Using the vector triple product identity $\overrightarrow{P} \times (\overrightarrow{Q} \times \overrightarrow{R}) = (\overrightarrow{P} \cdot \overrightarrow{R})\overrightarrow{Q} - (\overrightarrow{P} \cdot \overrightarrow{Q})\overrightarrow{R}$:

Term 1: $(\overrightarrow{a} \times \overrightarrow{b}) \times (\overrightarrow{r} \times \overrightarrow{c}) = ((\overrightarrow{a} \times \overrightarrow{b}) \cdot \overrightarrow{c})\overrightarrow{r} - ((\overrightarrow{a} \times \overrightarrow{b}) \cdot \overrightarrow{r})\overrightarrow{c} = [\overrightarrow{a}\overrightarrow{b}\overrightarrow{c}]\overrightarrow{r} - [\overrightarrow{a}\overrightarrow{b}\overrightarrow{r}]\overrightarrow{c}$.

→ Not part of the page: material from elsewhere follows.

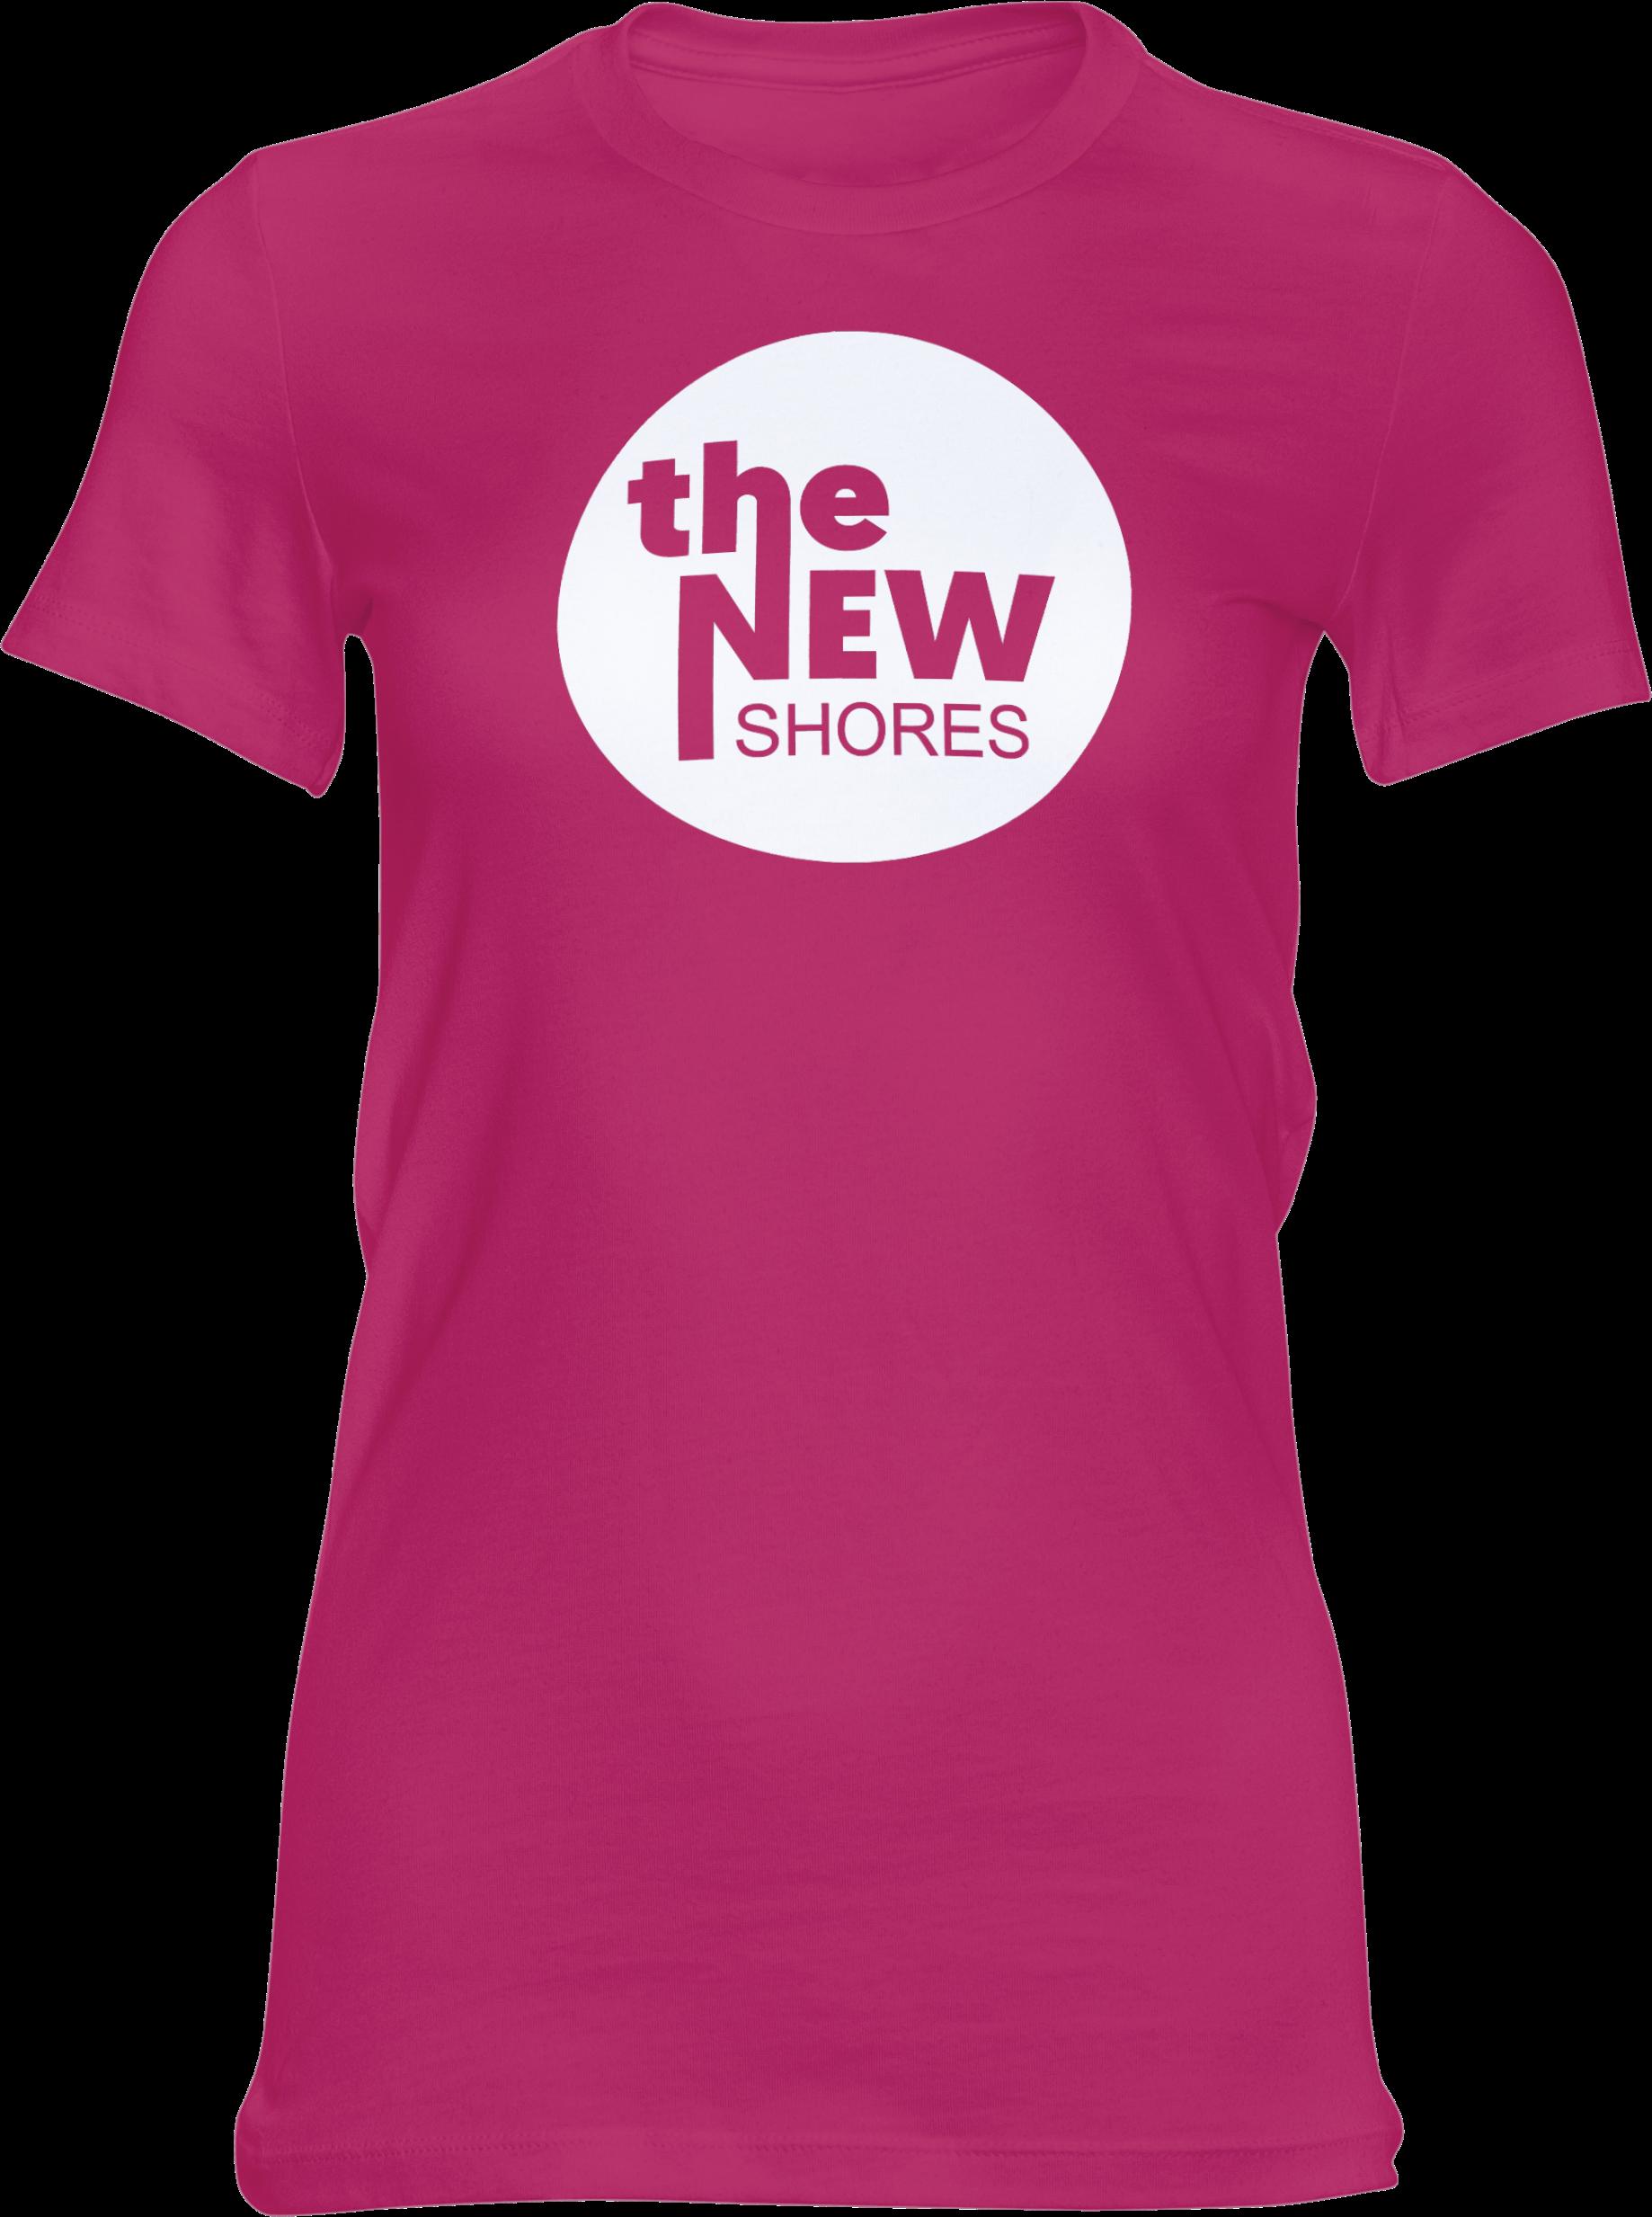 THE NEW SHORES – TNS Logo – Girlie-Shirt (pink)
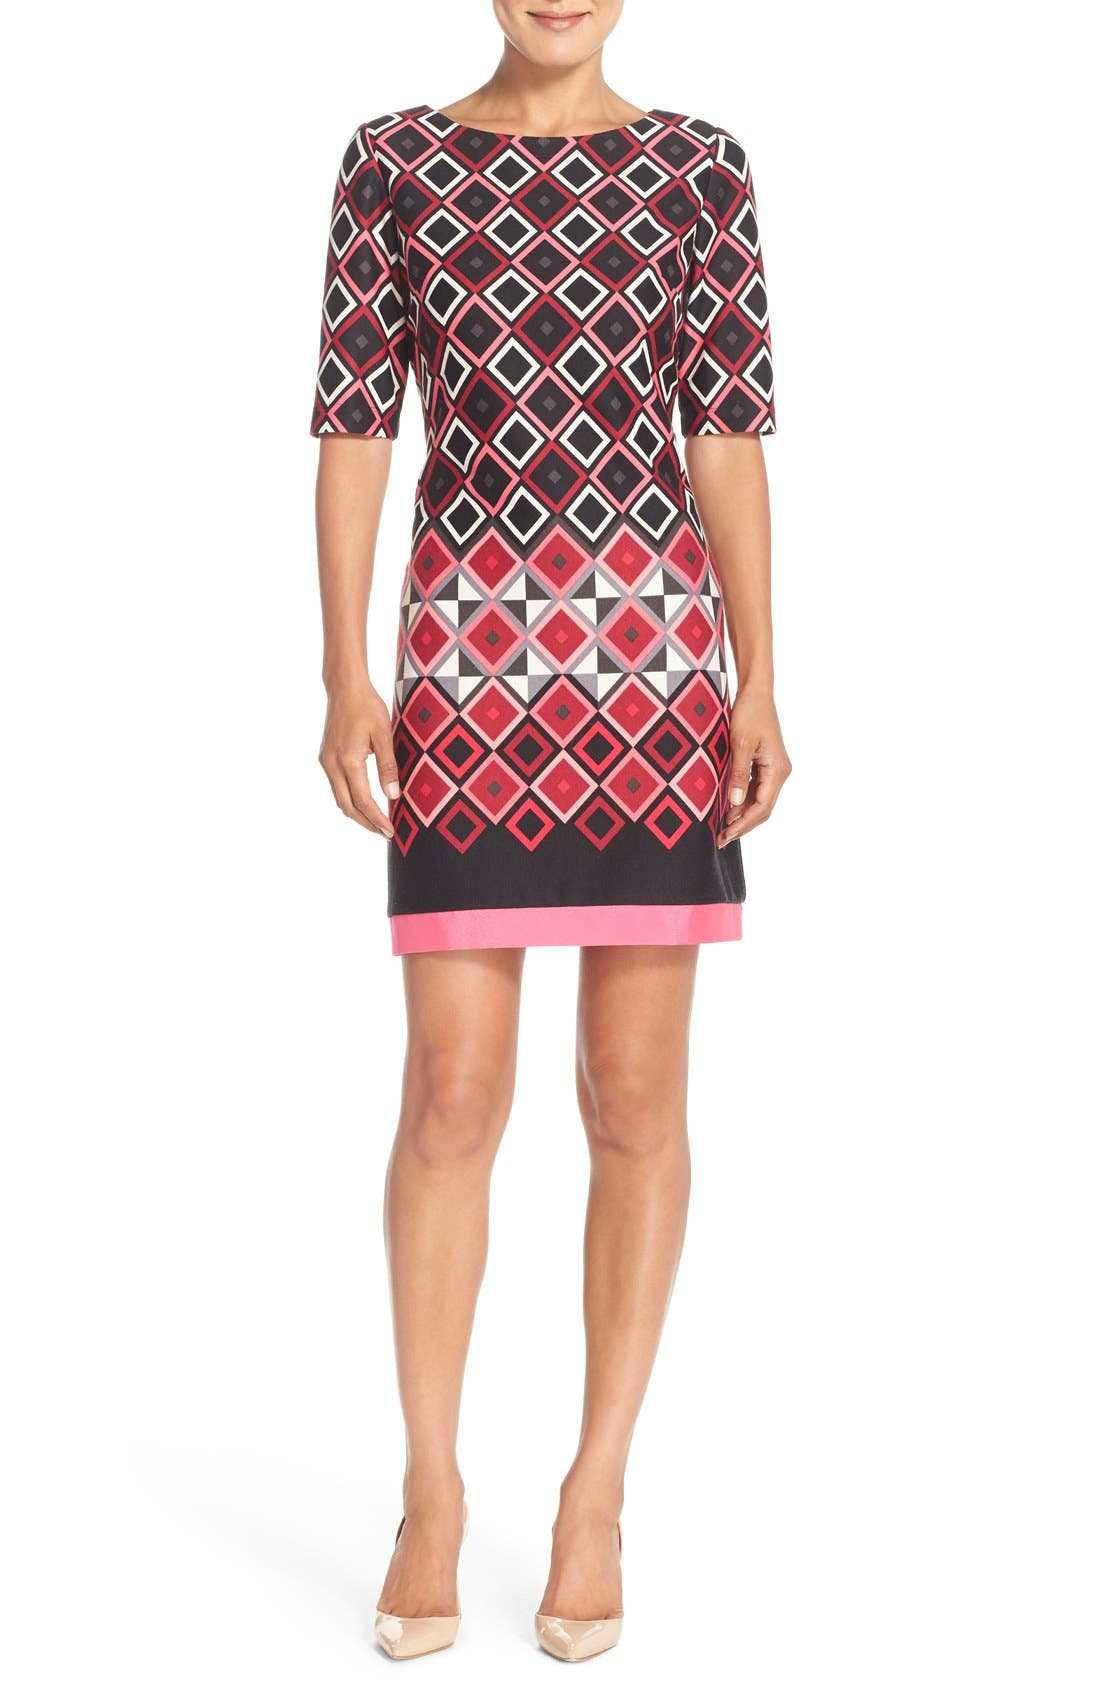 Alternate Image 1 Selected - Eliza J Print Ponte Shift Dress (Regular & Petite)

Term 2: $(\overrightarrow{b} \times \overrightarrow{c}) \times (\overrightarrow{r} \times \overrightarrow{a}) = ((\overrightarrow{b} \times \overrightarrow{c}) \cdot \overrightarrow{a})\overrightarrow{r} - ((\overrightarrow{b} \times \overrightarrow{c}) \cdot \overrightarrow{r})\overrightarrow{a} = [\overrightarrow{a}\overrightarrow{b}\overrightarrow{c}]\overrightarrow{r} - [\overrightarrow{b}\overrightarrow{c}\overrightarrow{r}]\overrightarrow{a}$.

Term 3: $(\overrightarrow{c} \times \overrightarrow{a}) \times (\overrightarrow{r} \times \overrightarrow{b}) = ((\overrightarrow{c} \times \overrightarrow{a}) \cdot \overrightarrow{b})\overrightarrow{r} - ((\overrightarrow{c} \times \overrightarrow{a}) \cdot \overrightarrow{r})\overrightarrow{b} = [\overrightarrow{a}\overrightarrow{b}\overrightarrow{c}]\overrightarrow{r} - [\overrightarrow{c}\overrightarrow{a}\overrightarrow{r}]\overrightarrow{b}$.

Adding the three terms: $E = 3[\overrightarrow{a}\overrightarrow{b}\overrightarrow{c}]\overrightarrow{r} - ([\overrightarrow{a}\overrightarrow{b}\overrightarrow{r}]\overrightarrow{c} + [\overrightarrow{b}\overrightarrow{c}\overrightarrow{r}]\overrightarrow{a} + [\overrightarrow{c}\overrightarrow{a}\overrightarrow{r}]\overrightarrow{b})$.

Using the identity $[\overrightarrow{a}\overrightarrow{b}\overrightarrow{c}]\overrightarrow{r} = [\overrightarrow{r}\overrightarrow{b}\overrightarrow{c}]\overrightarrow{a} + [\overrightarrow{r}\overrightarrow{c}\overrightarrow{a}]\overrightarrow{b} + [\overrightarrow{r}\overrightarrow{a}\overrightarrow{b}]\overrightarrow{c} = [\overrightarrow{b}\overrightarrow{c}\overrightarrow{r}]\overrightarrow{a} + [\overrightarrow{c}\overrightarrow{a}\overrightarrow{r}]\overrightarrow{b} + [\overrightarrow{a}\overrightarrow{b}\overrightarrow{r}]\overrightarrow{c}$, the term in parenthesis is equal to $[\overrightarrow{a}\overrightarrow{b}\overrightarrow{c}]\overrightarrow{r}$.

Therefore, $E = 3[\overrightarrow{a}\overrightarrow{b}\overrightarrow{c}]\overrightarrow{r} - [\overrightarrow{a}\overrightarrow{b}\overrightarrow{c}]\overrightarrow{r} = 2[\overrightarrow{a}\overrightarrow{b}\overrightarrow{c}]\overrightarrow{r}$.